A 0.250 M NaOH solution was used to titrate a 19.75 mL HI solution. The endpoint was reached after 32.95 mL of titrant were delivered. Find the molar concentration of HI in the original solution.
To find the molar concentration of HI in the original solution, we can use the concept of stoichiometry. The balanced equation for the reaction between NaOH and HI is:
NaOH + HI -> NaI + H2O
From the balanced equation, we can see that the ratio between the moles of NaOH and HI is 1:1.
1. Calculate the number of moles of NaOH used in the titration.

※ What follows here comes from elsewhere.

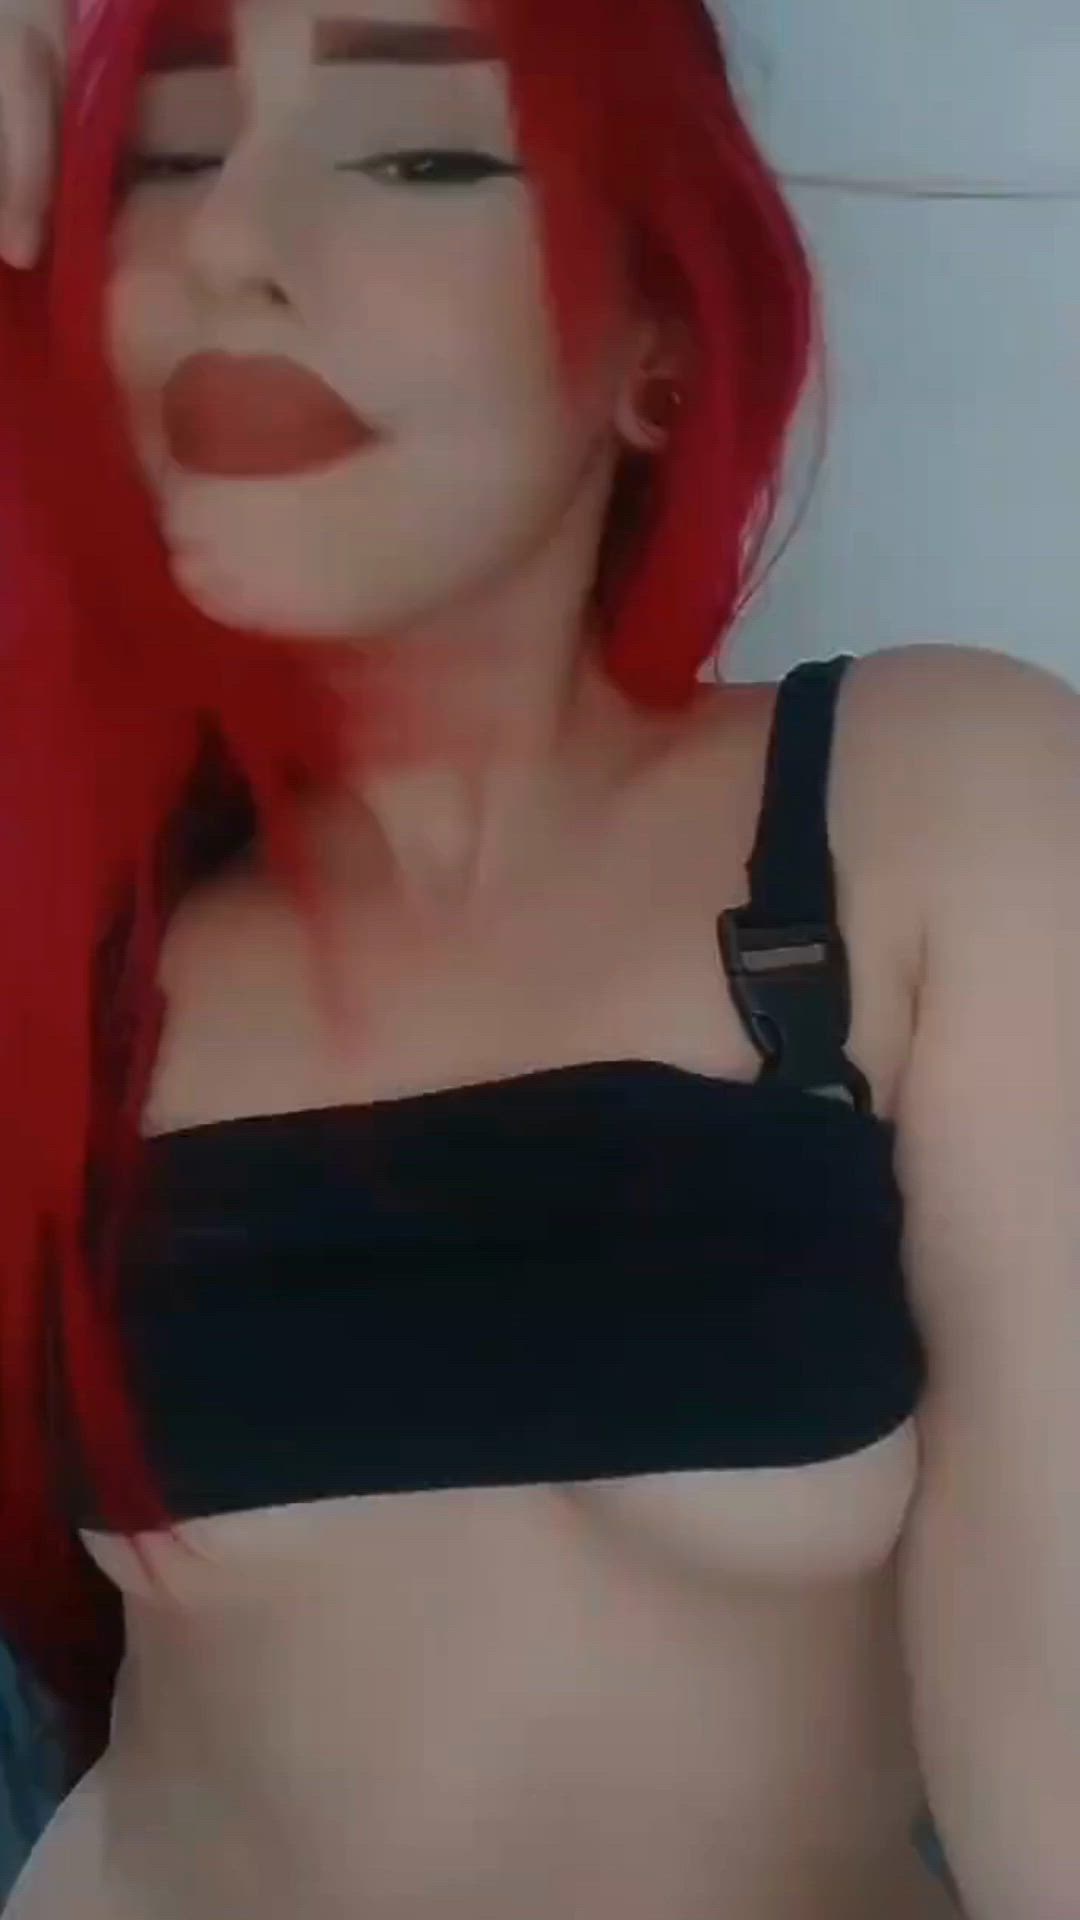 Redhead porn video with onlyfans model gizzelll <strong>@imgizzell</strong>

To do this, we need to use the equation:
moles of NaOH = molarity x volume in liters
Given that the molarity of the NaOH solution is 0.250 M and the volume delivered is 32.95 mL (0.03295 L), we can calculate the moles of NaOH used:
moles of NaOH = 0.250 M x 0.03295 L = 0.0082375 moles
2. Calculate the number of moles of HI in the original solution.
Since the ratio between NaOH and HI is 1:1, the moles of NaOH used also represent the moles of HI in the original solution. Therefore, the moles of HI in the original solution is:
moles of HI = 0.0082375 moles
3. Calculate the molar concentration of HI in the original solution.
To find the molar concentration, we need to divide the moles of HI by the volume of the original solution. The volume of the original solution is given as 19.75 mL (0.01975 L). Therefore:
molar concentration of HI = moles of HI / volume of original solution
= 0.0082375 moles / 0.01975 L
= 0.417 M
Therefore, the molar concentration of HI in the original solution is 0.417 M.
To find the molar concentration of HI in the original solution, we can use the concept of stoichiometry and the volume of titrant used.
Here's how to solve the problem step by step:
1. Determine the balanced chemical equation for the reaction between NaOH and HI:
NaOH + HI -> NaI + H2O
2. Calculate the number of moles of NaOH used in the titration:
Moles of NaOH = Molarity of NaOH × Volume of NaOH used (in L)
Moles of NaOH = 0.250 M × (32.95 mL / 1000 mL/L) (Note: We convert mL to L by dividing by 1000 mL/L)
Moles of NaOH = 0.0082375 mol
3. Use the stoichiometry of the balanced equation to determine the number of moles of HI:
From the balanced equation, we can see that the mole ratio of NaOH to HI is 1:1. This means that the number of moles of HI is also 0.0082375 mol.
4. Calculate the molar concentration of HI in the original solution:
Molar concentration of HI = Moles of HI / Volume of HI used (in L)
Molar concentration of HI = 0.0082375 mol / (19.75 mL / 1000 mL/L) (Note: We convert mL to L by dividing by 1000 mL/L)
Molar concentration of HI = 0.417297 mol/L
Therefore, the molar concentration of HI in the original solution is 0.417297 mol/L.